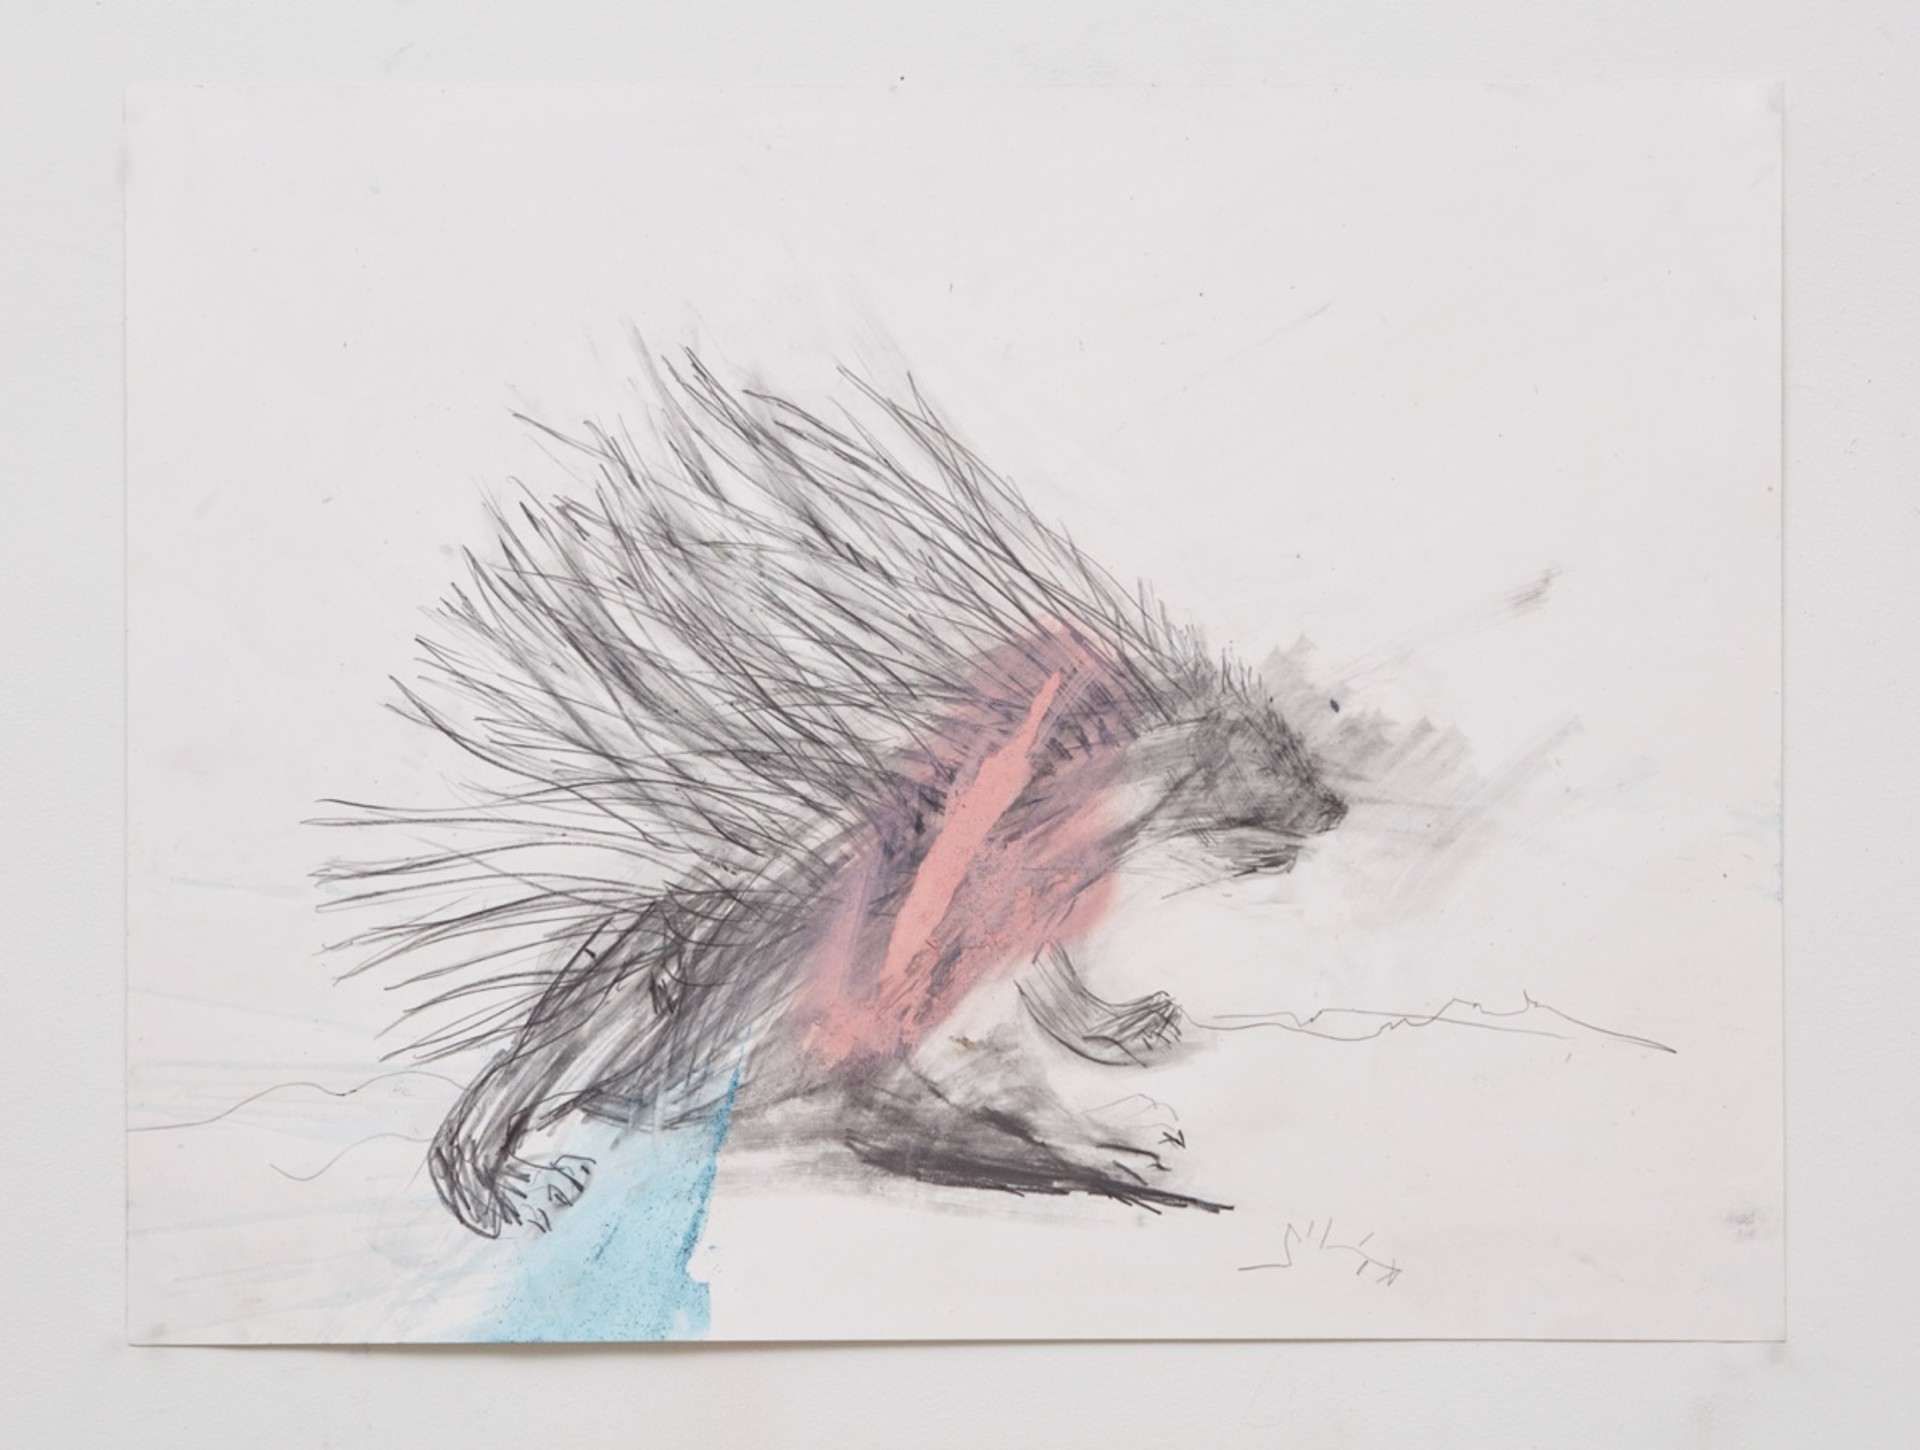 Powered Porcupine by Jeannie Weissglass
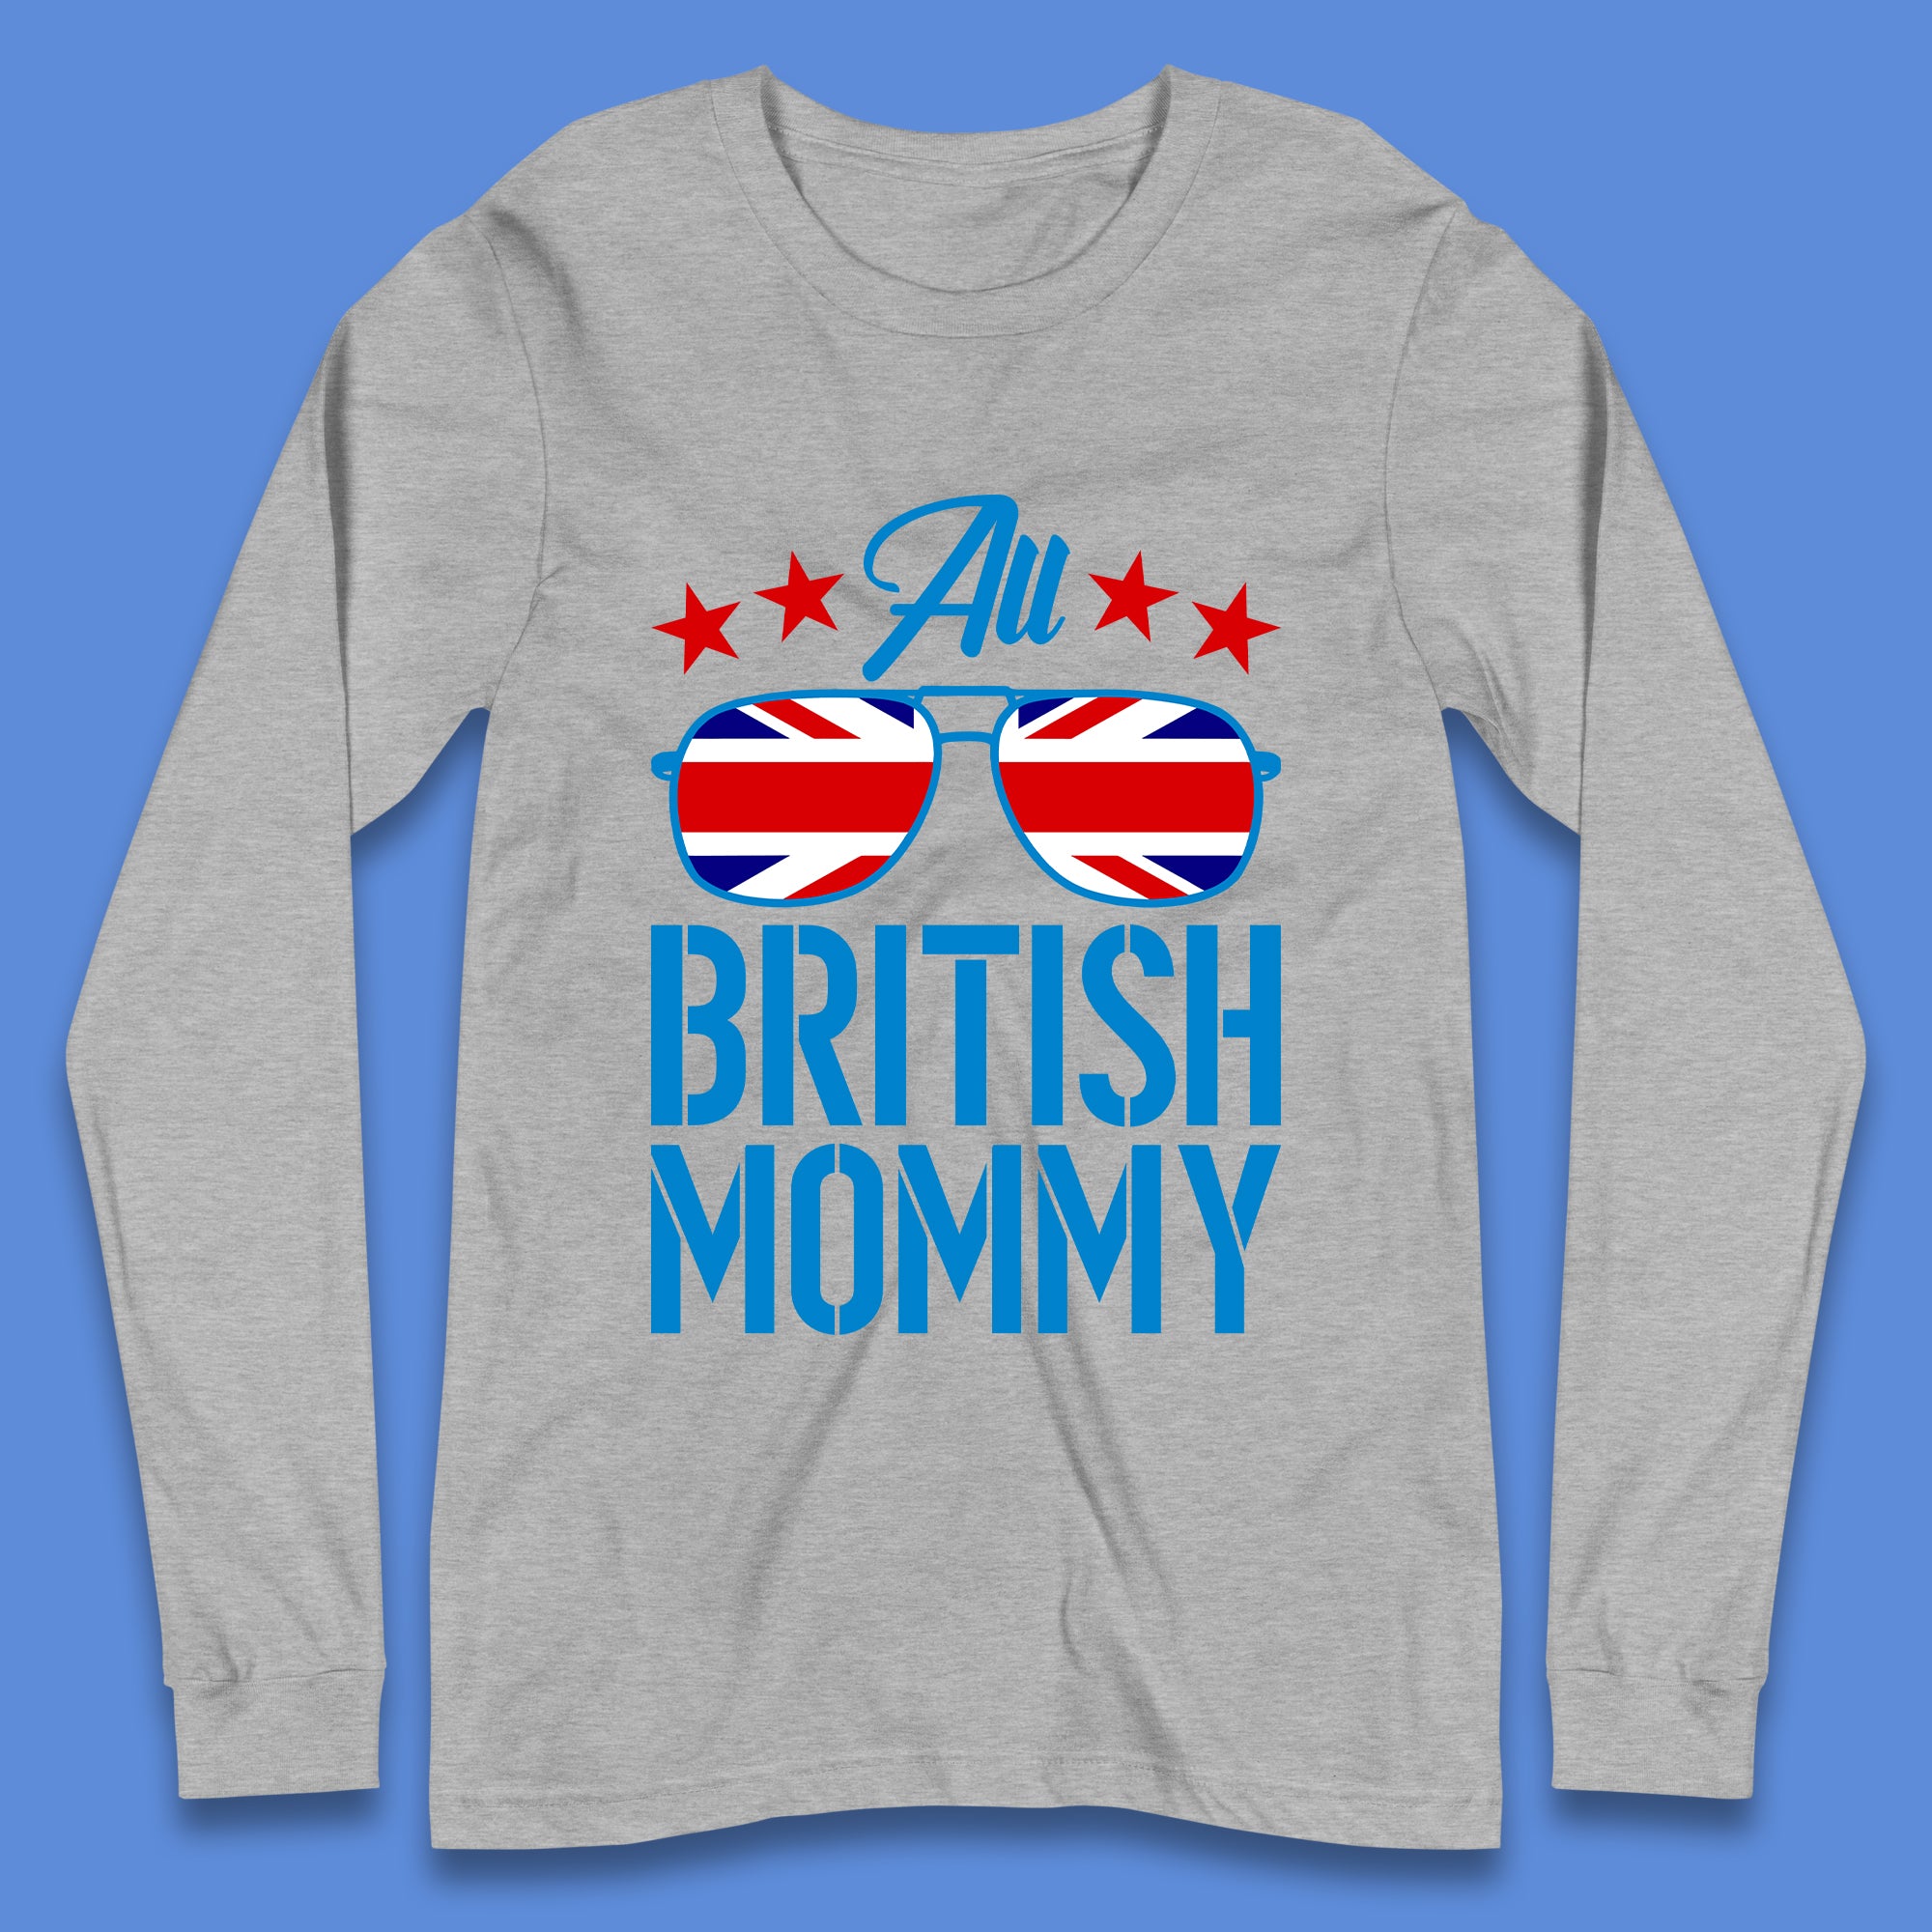 British Mommy Long Sleeve T-Shirt
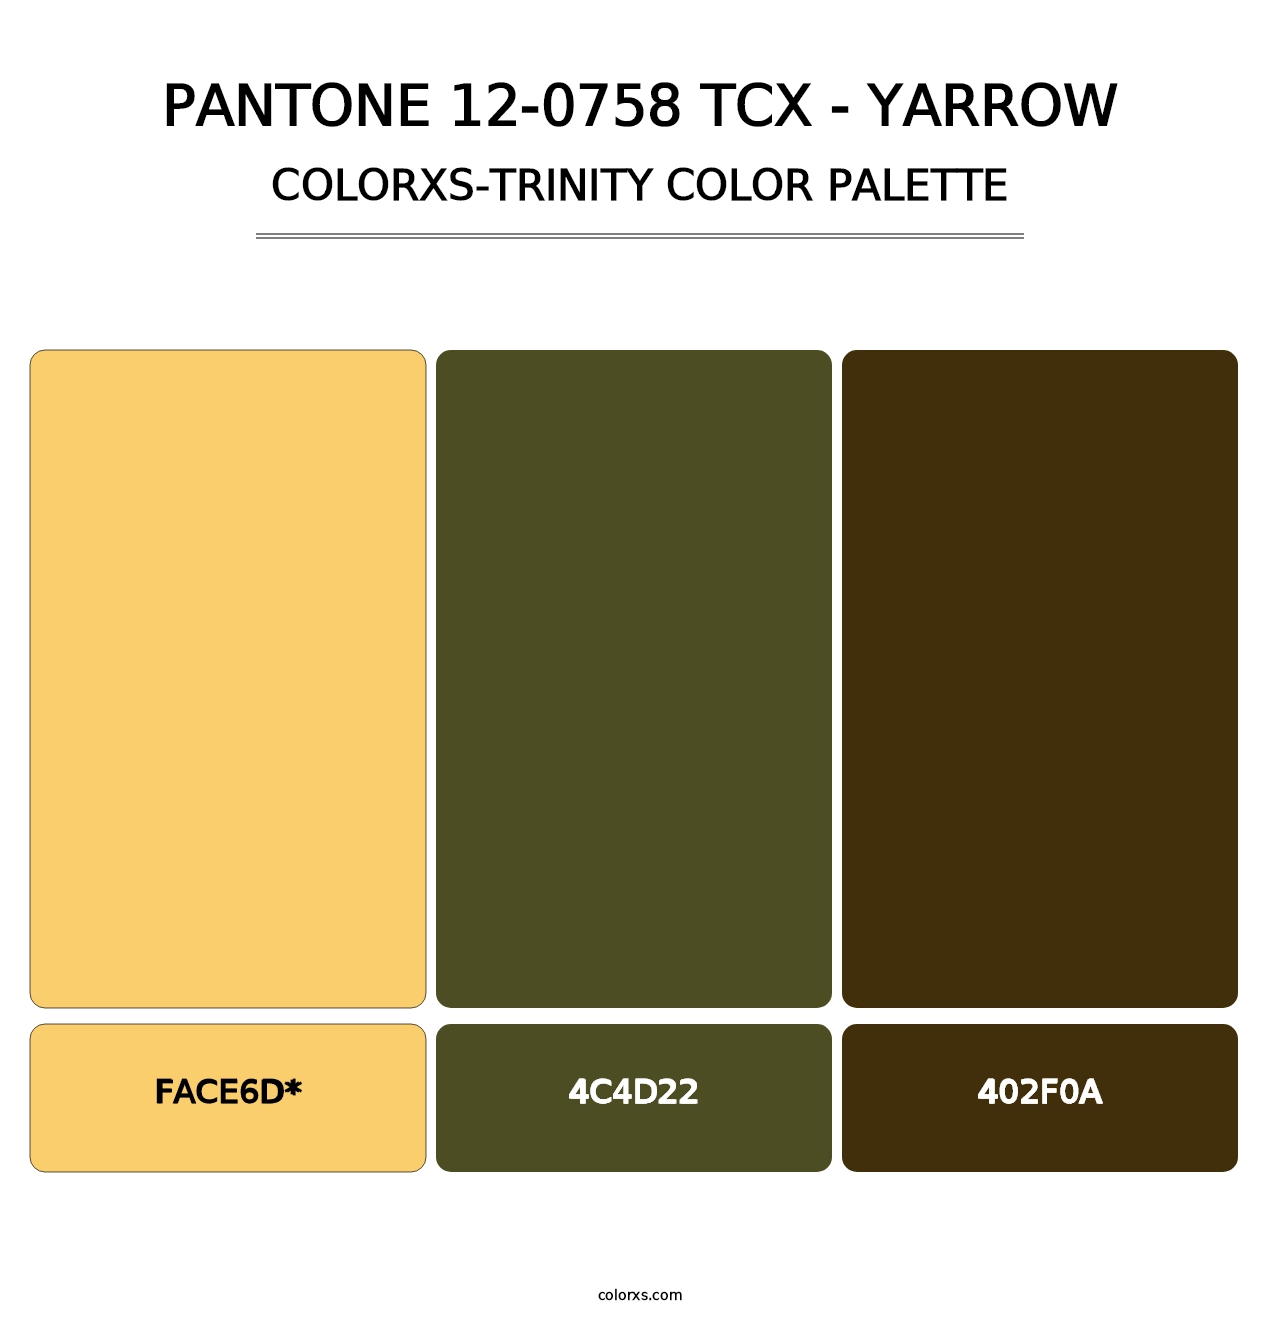 PANTONE 12-0758 TCX - Yarrow - Colorxs Trinity Palette
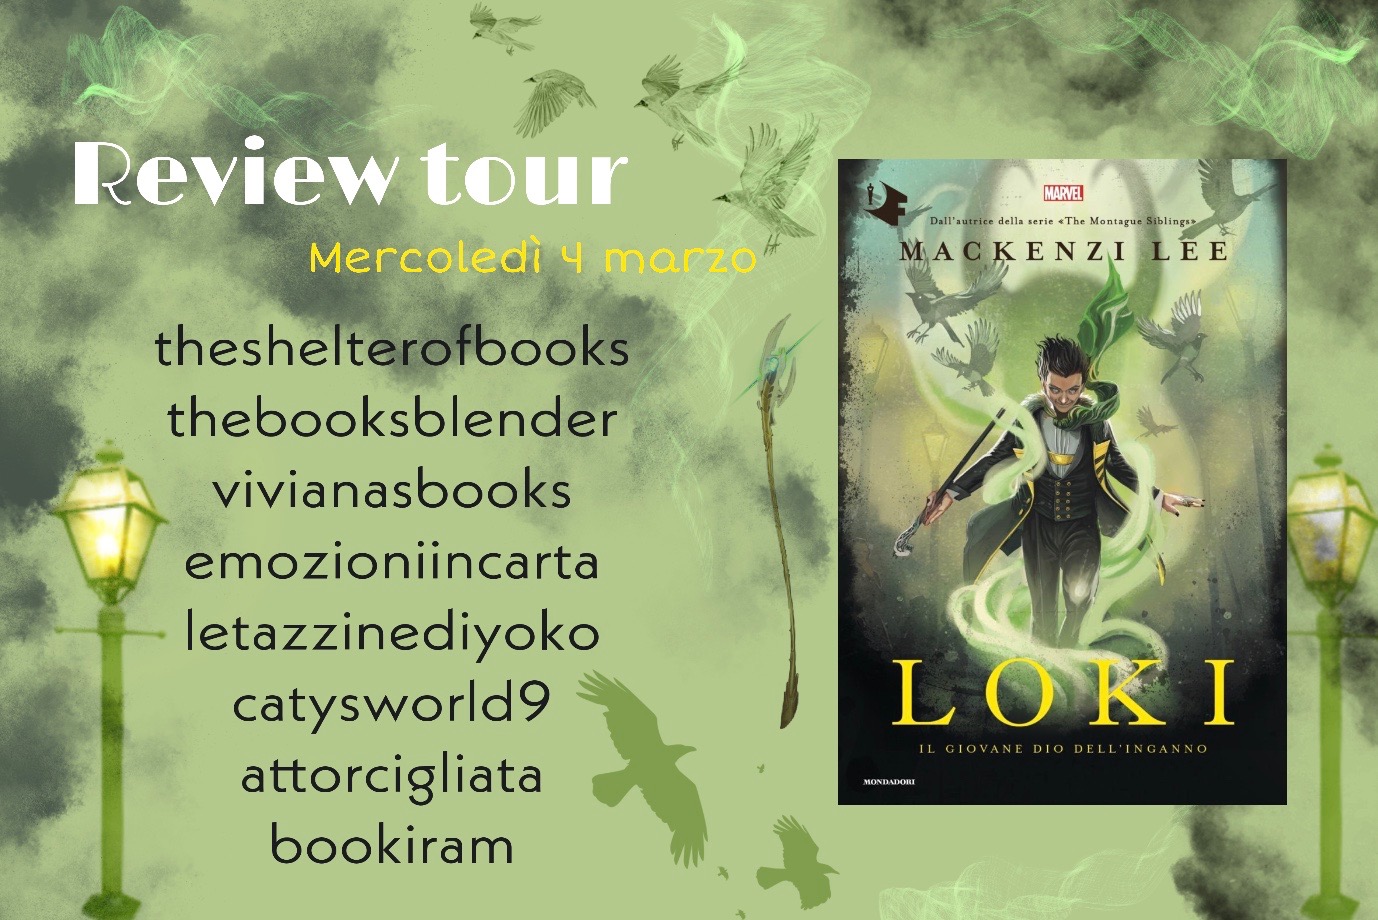 Review Tour: Loki. Il giovane dio dell’inganno

......

__Exercise__
Quote the data above in full, leaving out the pictures it holds.

__Answer box__
 Powered Porcupine by Jeannie Weissglass
 British Mommy Long Sleeve T-Shirt
 PANTONE 12-0758 TCX - Yarrow - Colorxs Trinity Palette
 Review Tour: Loki. Il giovane dio dell’inganno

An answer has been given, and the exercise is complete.